In this experiment, we test the model to determine its ability to recover from incorrect feedback. In particular, we model the user feedback as completely malicious at the beginning and as completely informative thereafter. Such a behaviour is not typical but it provides a “worst case scenario” study of the system, followed by its ability to recover from incorrect or malicious feedback.
Our focus here is on the training area only. As seen in the previous experiments, the non-training area can become nearly as good as the training area with sufficient user feedback. As such, we expect similar results within the non-training area as the training area with respect to mixed feedback.
During the initial phase of this experiment, whenever the system returns a correct position estimation, the malicious user has a 50% chance of either providing negative feedback of suggesting a random false position. When the system is incorrect, the malicious user provides null feedback. Following a similar methodology as the previous experiments, such malicious feedback was provided for four rounds. Another eight rounds of feedback from a knowledgeable and helpful user was then collected.

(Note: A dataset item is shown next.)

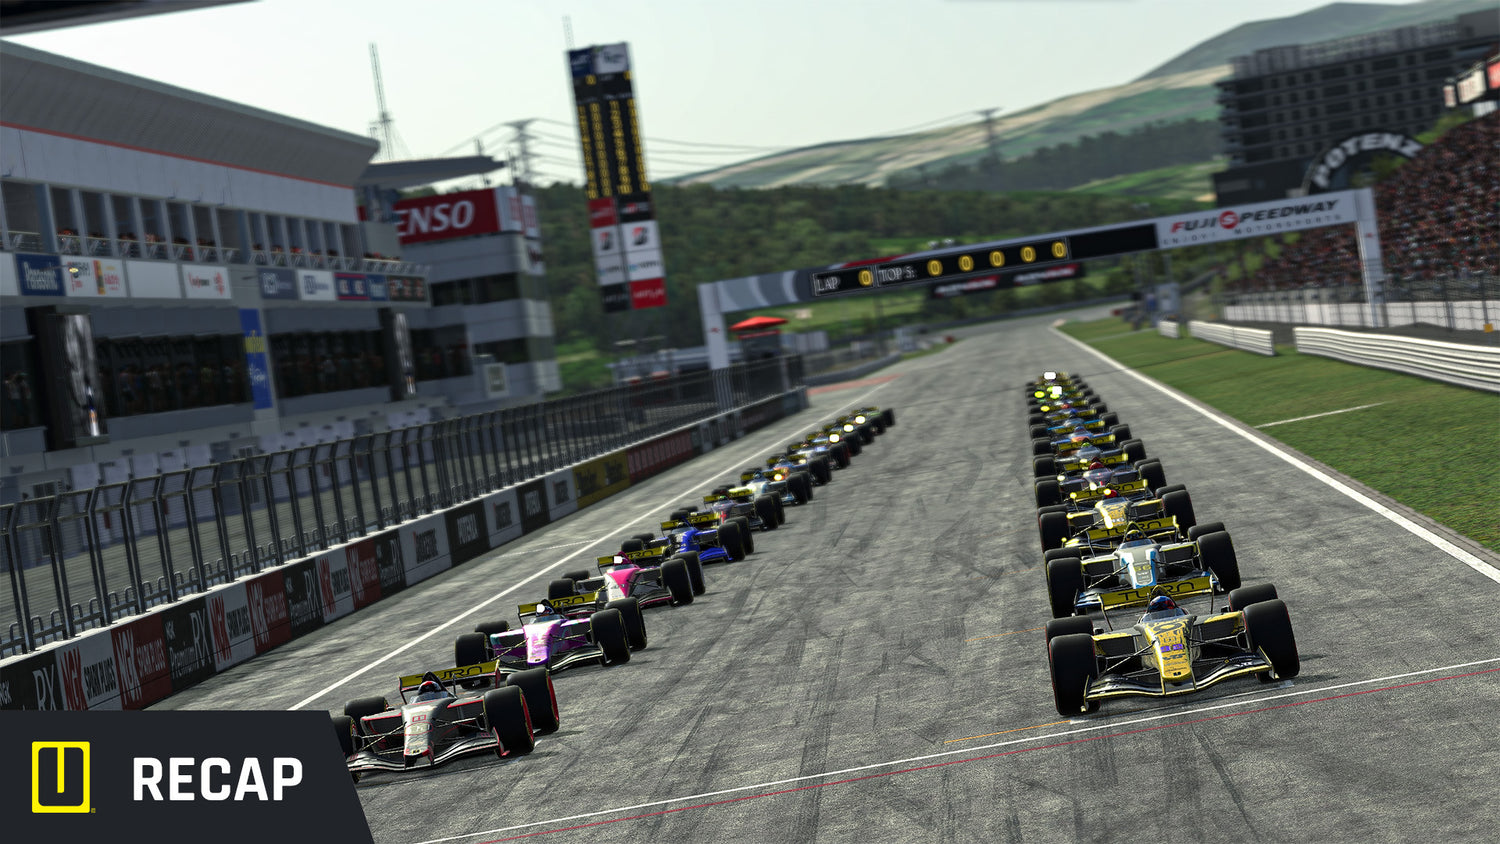 Grand Prix Turn Racing iRacing Series Race 7 Recap
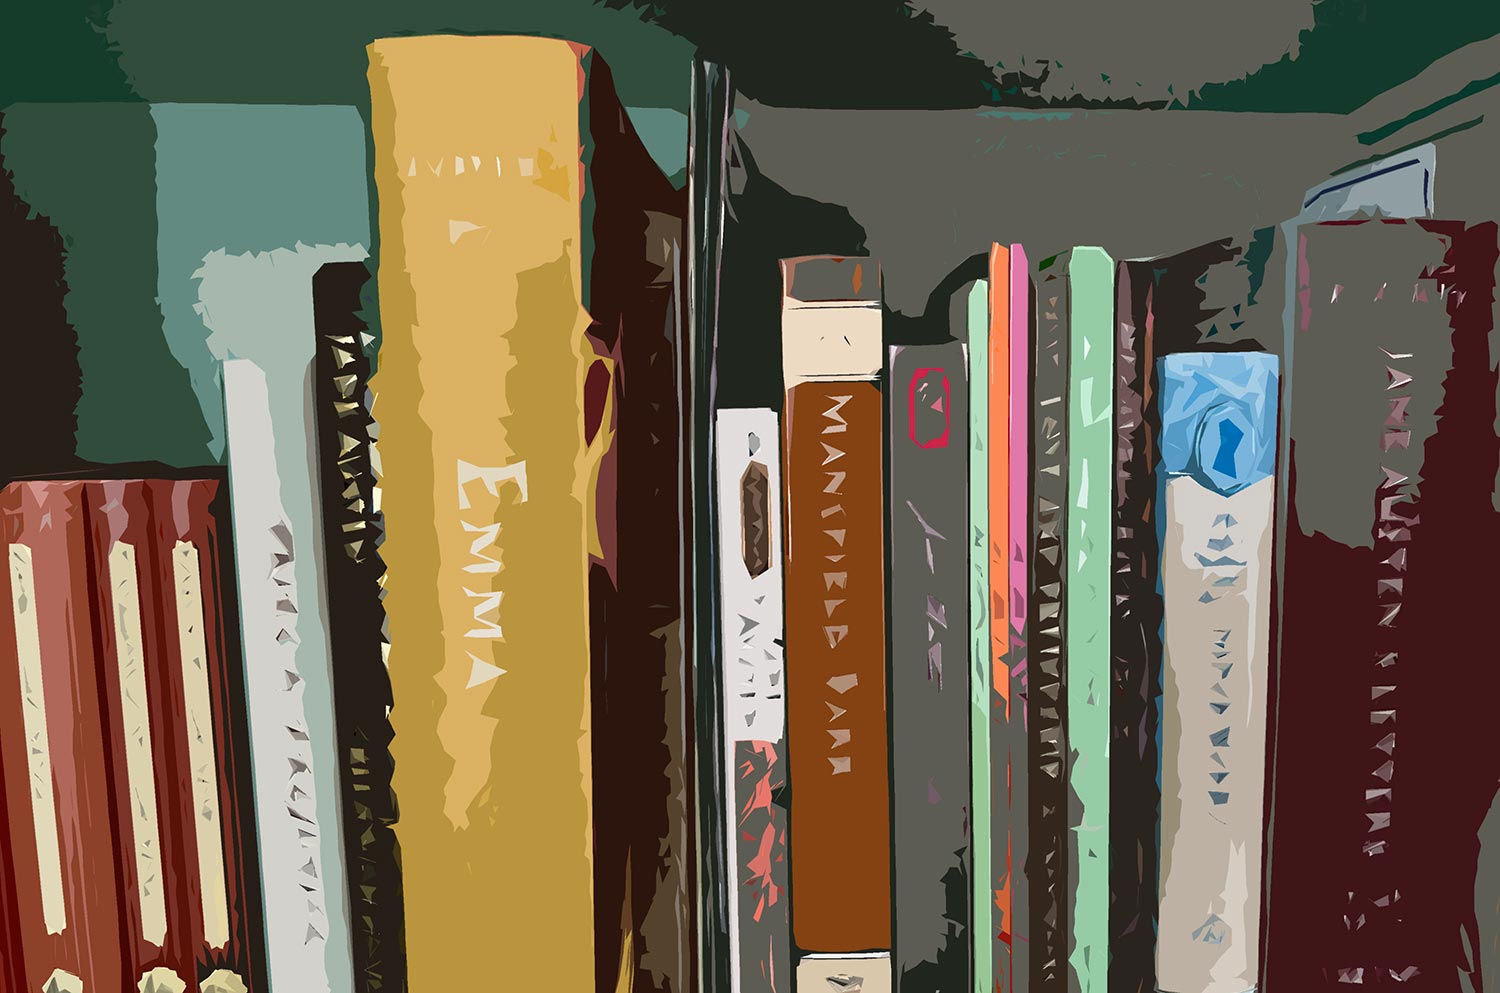 Jane Austen & A Reading Challenge: A Visit with the “Jane Austen July” Hosts

The position errors for this experiment are plotted in Figure 11. We observe that the system error starts out with around 4m and quickly increases to 14m as a result of the malicious feedback. At the same time, the system precision is also reduced to an unacceptable level, shown as the red curves in Figure 12. With an error of 14m and extremely low precision, the system is considered to be fairly disturbed by the malicious users. At this point, we turn the user into knowledgable and helpful to provide positive feedback whenever the system is incorrect.
The user behaviour in this case is the same as in the previous subsection. The helpful feedback quickly corrects the significant positioning errors, recovering to the starting accuracy after five rounds of feedback, and below 3m after eight rounds. At the same time, the system precision is stabilized as indicated by the blue curves in Figure 13. As a result, our system has recovered from the low accurate state by integrating helpful and knowledgeable feedback.
In real life, helpful and malicious feedback are often mixed together to feed the model. As such, the phenomena described in this experiment might be rarely observed. However, it in fact provides the “worst-case”. If the model can eliminate the negative effect introduced by continuous malicious or unreliable user feedback, then it is reasonable to deduce that it is robust to malicious user feedback in more moderate or general cases.